Sufficient condition for gapless spin-boson Lindbladians, and its connection to dissipative time-crystals

TL;DR

This paper establishes a condition linking steady-state correlations to gapless modes in Lindbladian systems, revealing how such modes can induce persistent dynamics and dissipative time-crystals in collective spin-boson models.

Contribution

It introduces a sufficient condition for gapless excitations in Lindbladians and connects this to the emergence of dissipative time-crystals, supported by analytical proofs and model studies.

Findings

Nonzero steady-state cumulants imply gapless Lindbladian modes.

Gapless modes can cause persistent oscillations in spin observables.

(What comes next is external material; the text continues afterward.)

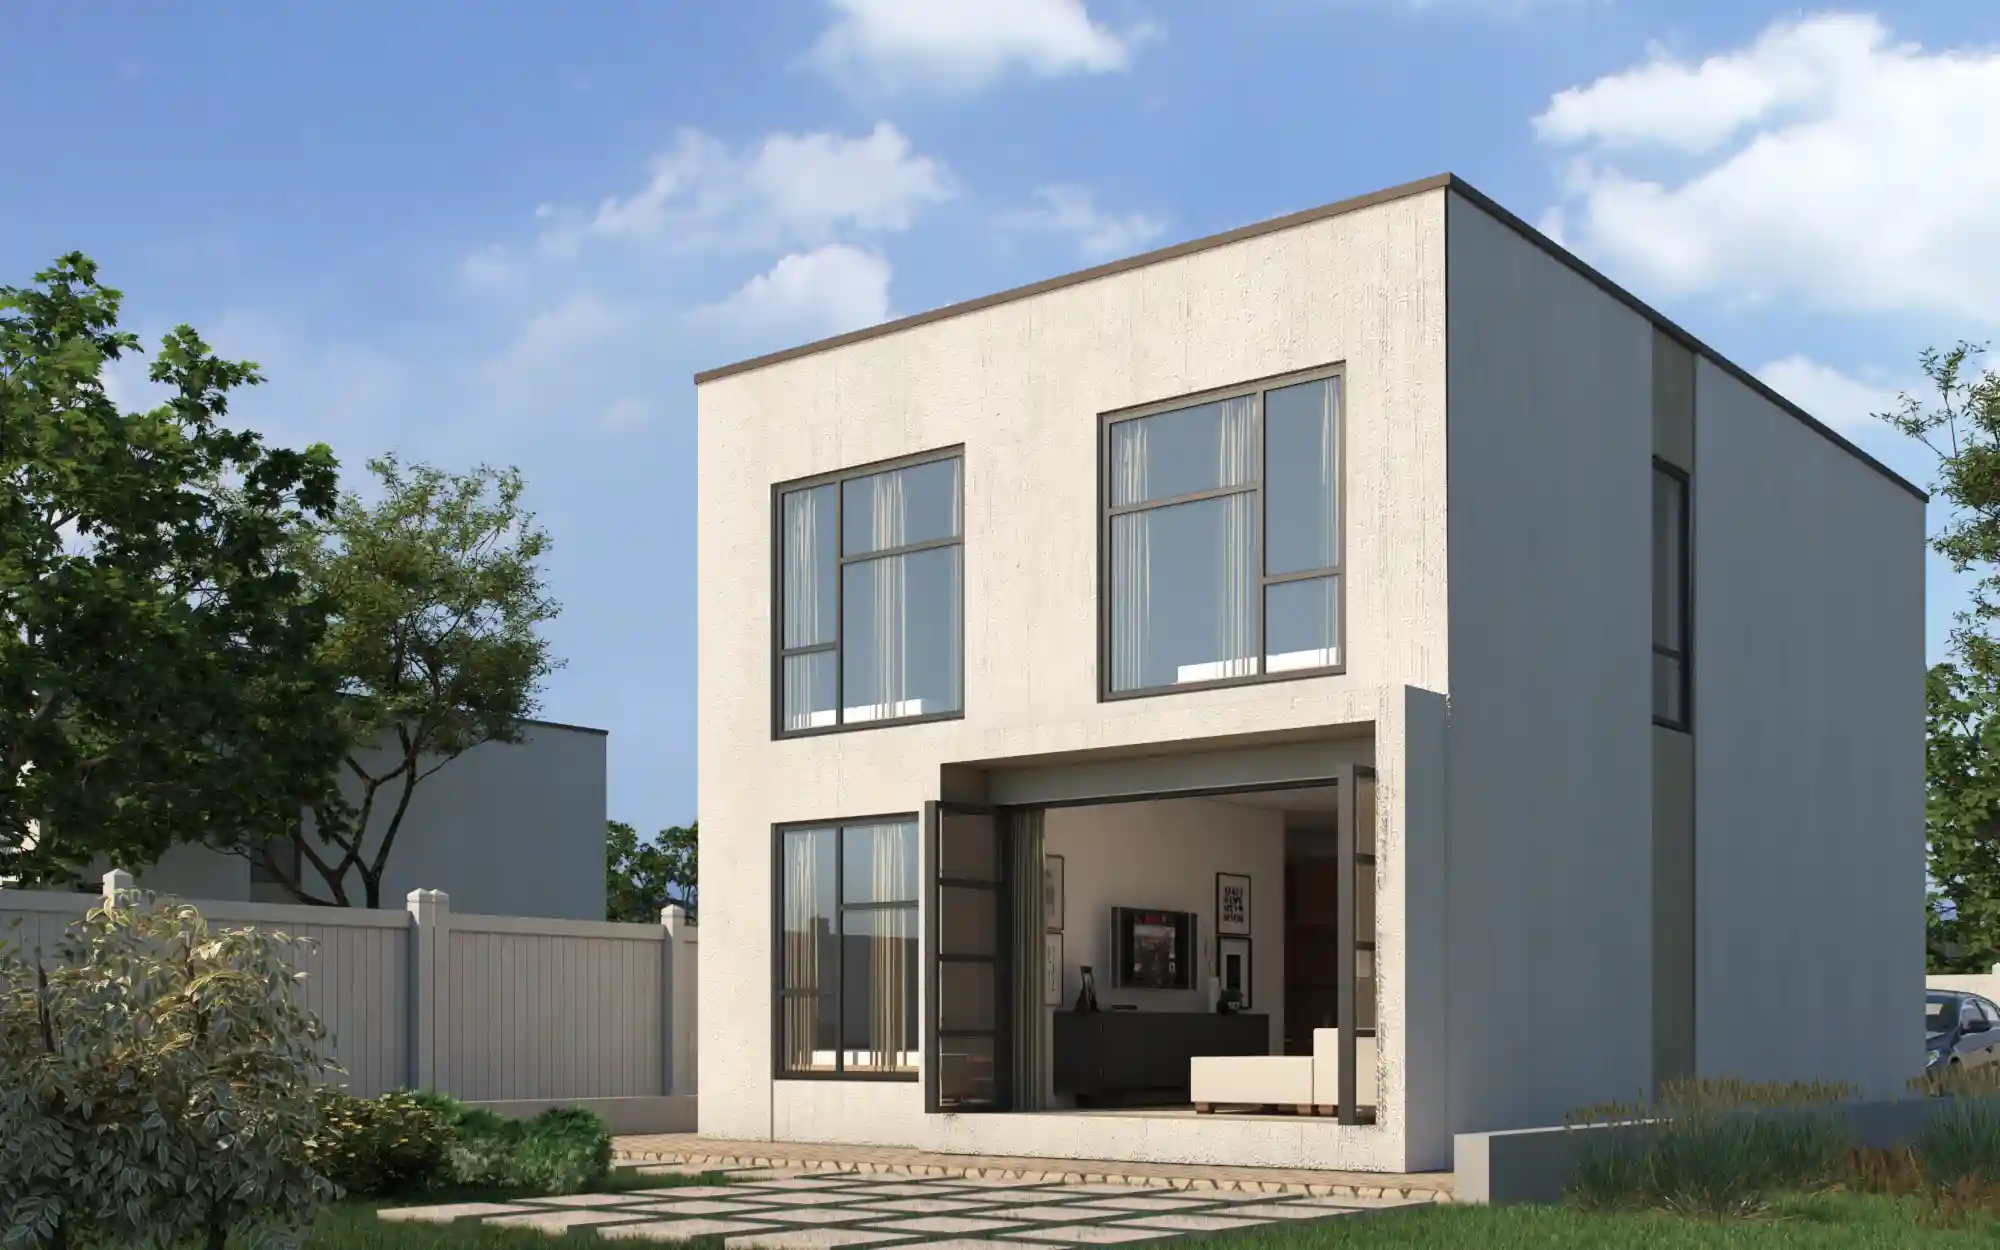 4 Bedroom Maisonette - ID 42101 - Rear from Inuua Tujenge house plans with 4 bedrooms and 3 bathrooms. ( maisonette )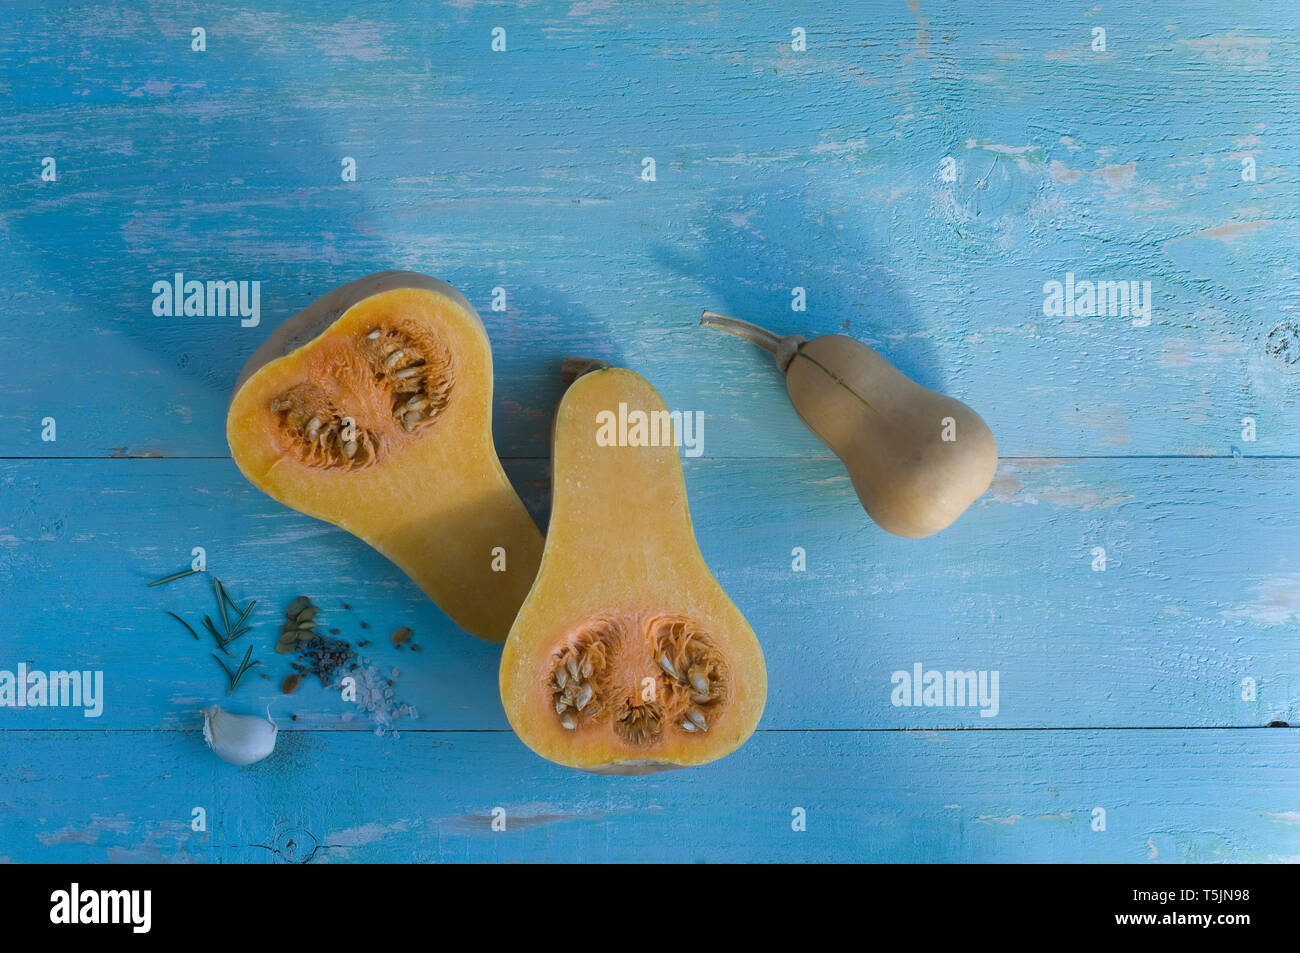 Whole and sliced butternut squash, garlic clove and herbs on light blue wood Stock Photo

Mean-field approximation is exact in these systems under certain conditions.

Abstract

We discuss a sufficient condition for gapless excitations in the Lindbladian master equation for collective spin-boson systems and permutationally invariant systems. The condition relates a nonzero macroscopic cumulant correlation in the steady state to the presence of gapless modes in the Lindbladian. In phases arising from competing coherent and dissipative Lindbladian terms, we argue that such gapless modes, concomitant with angular momentum conservation, can lead to persistent dynamics in the spin observables with the possible formation of dissipative time-crystals. We study different models within this perspective, from Lindbladians with Hermitian jump operators, to non-Hermitian ones composed by collective spins and Floquet spin-boson systems. We also provide a simple analytical proof for the exactness of mean-field semiclassical approach in such systems based on a cumulant expansion.